# Particle Board Acceptable for wall covering in House?



## theatretch85 (May 17, 2008)

I am looking at buying a house in which part of the basement walls are covered with Particle board/Strand board. I am wondering if this is code-compliant and acceptable or if it needs to be replaced with sheet-rock. See the attached pictures, this is in the walk-out basement.


----------



## Termite (Apr 13, 2008)

The code doesn't dictate what the wall finish/material on the inside of your home is. The only room where sheetrock is actually required is the garage (for fire resistance). 

Personally, I'd want to know why they covered the walls with a cheap product like particle board. What is being concealed? Cracked foundation walls? Mold? Water infiltration? There's the possibility that they just wanted it as a shop area and needed a wallcovering that would be good for nailing into. 

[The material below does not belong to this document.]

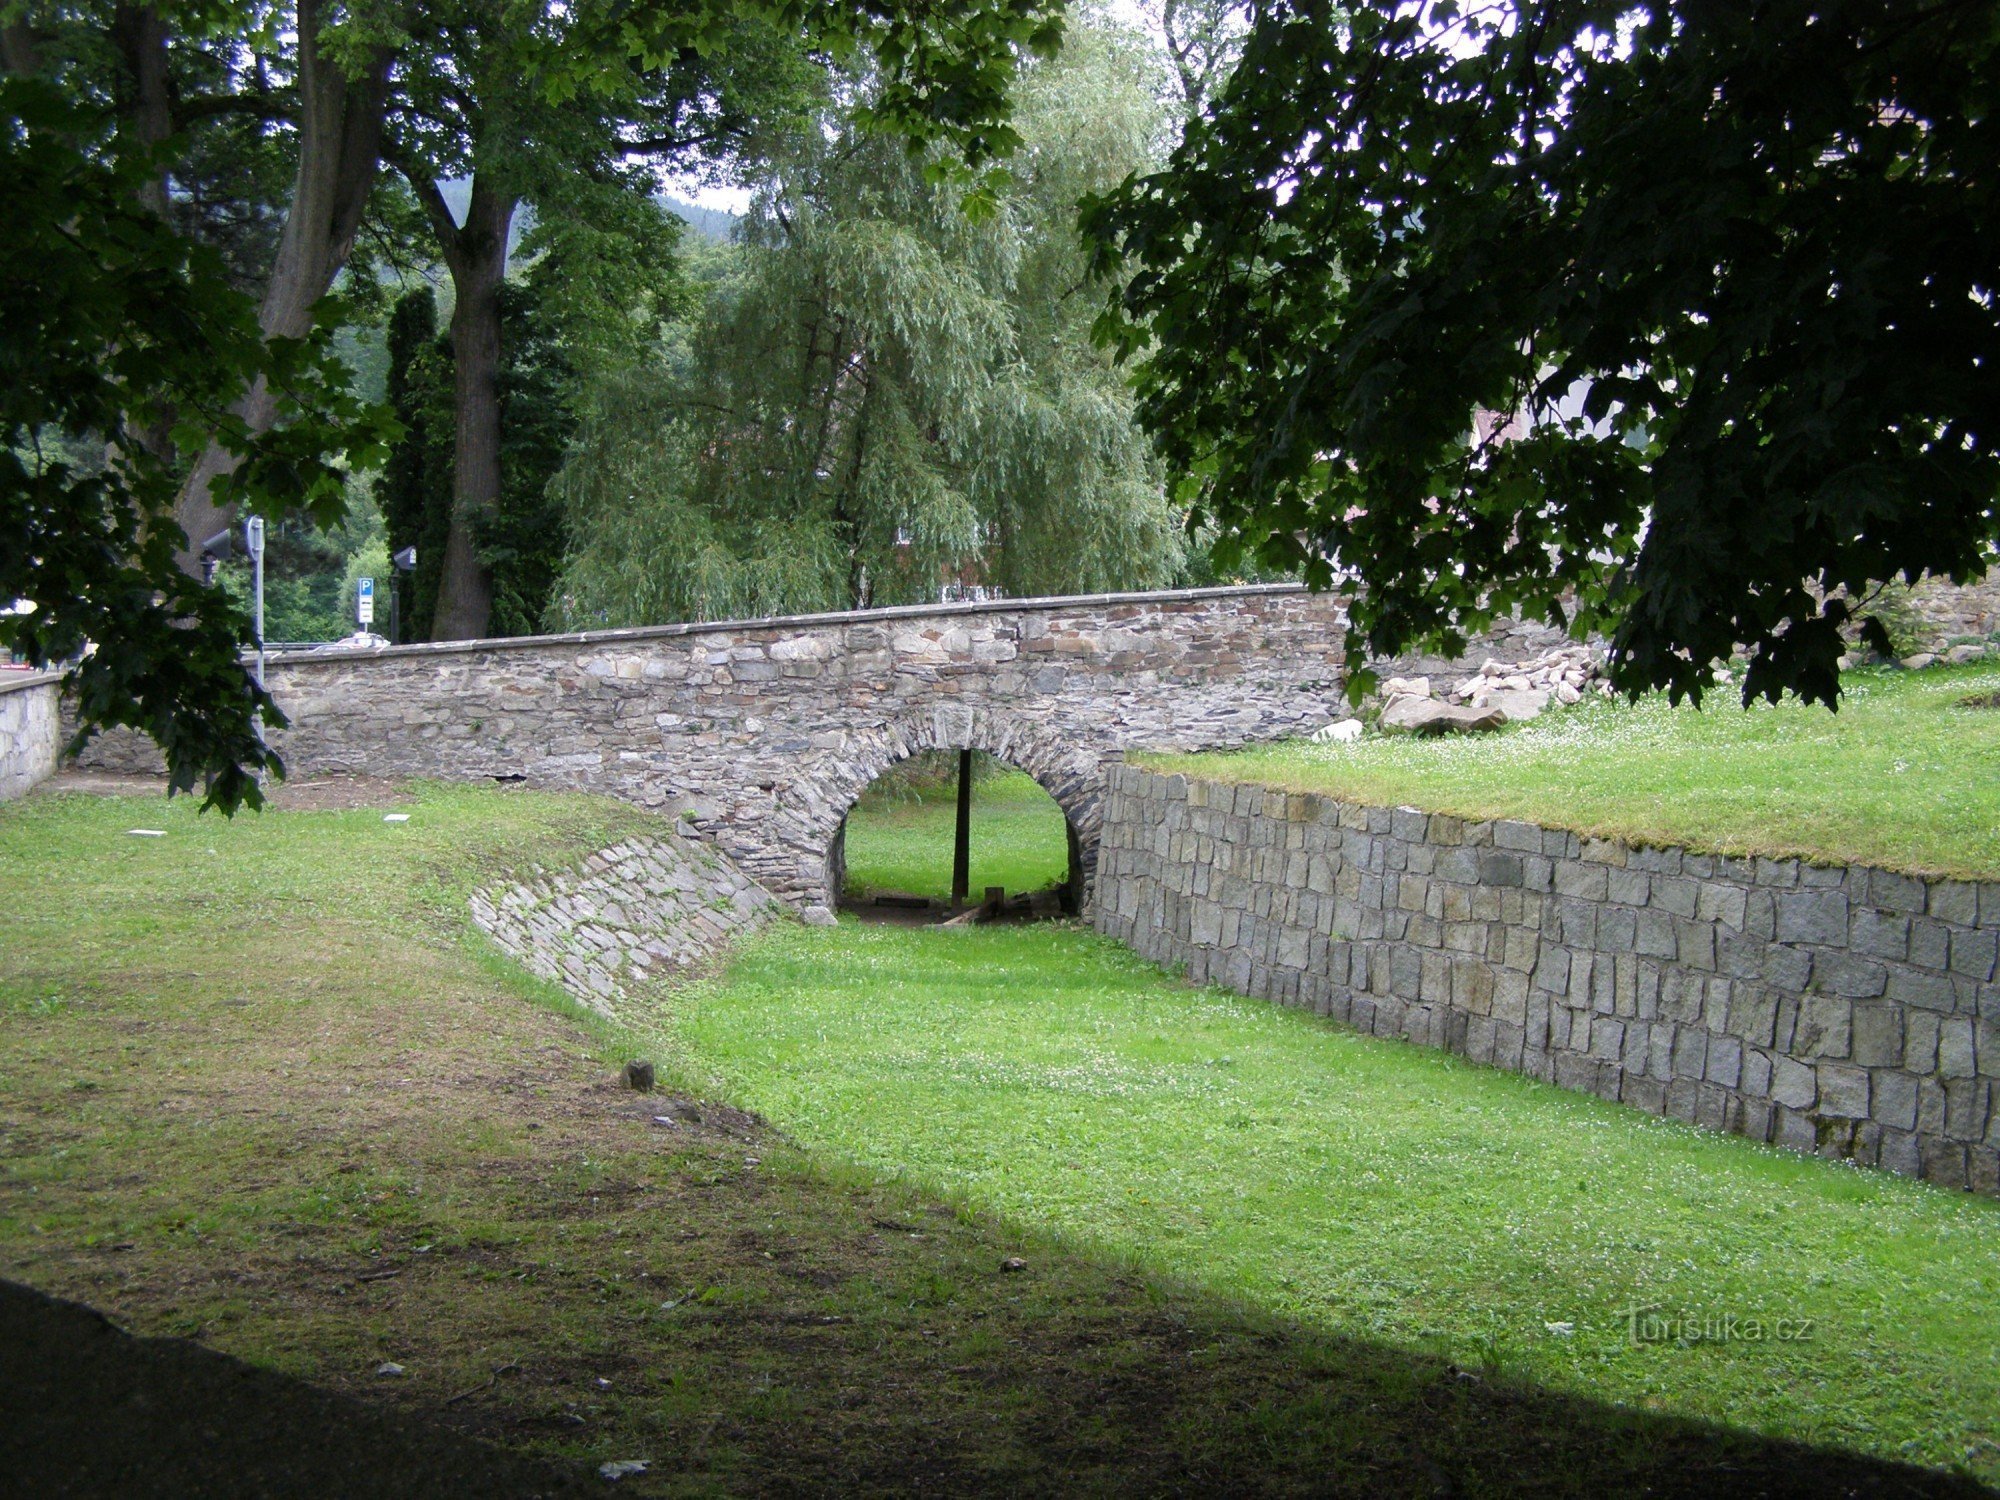 Jesenik - trdnjava, Narodni zgodovinski muzej Jesenick

Another thing to check is that the electric boxes are flush mounted with the face of the particle board. If the boxes are not flush then spark rings are required. With sheetrock there is a little allowable tolerance, but with wood products there is not...Can't have any electrical exposed to that wood.


----------



## Willie T (Jan 29, 2009)

No problem using OSB for interior walls......... of a barn. You can even use it for flooring. But you will never get it to look like anything other than what it is.... u-g-l-y!


----------



## theatretch85 (May 17, 2008)

I do have full intentions on replacing it with sheetrock, but the reason I am asking about if its a code violation is with the FHA loan I will need to have the house fixed up to standards before I can move in, and if this is not a code concern or issue, then I'd like to put it off until a later date. It's the family room space down in the basement, I have no idea why someone would want to cover the walls with this stuff inside a house and yes I do agree it looks ugly. I doubt this was intended for a shop space but who knows, maybe they didnt want to tape and top the sheetrock down here for some strange reason.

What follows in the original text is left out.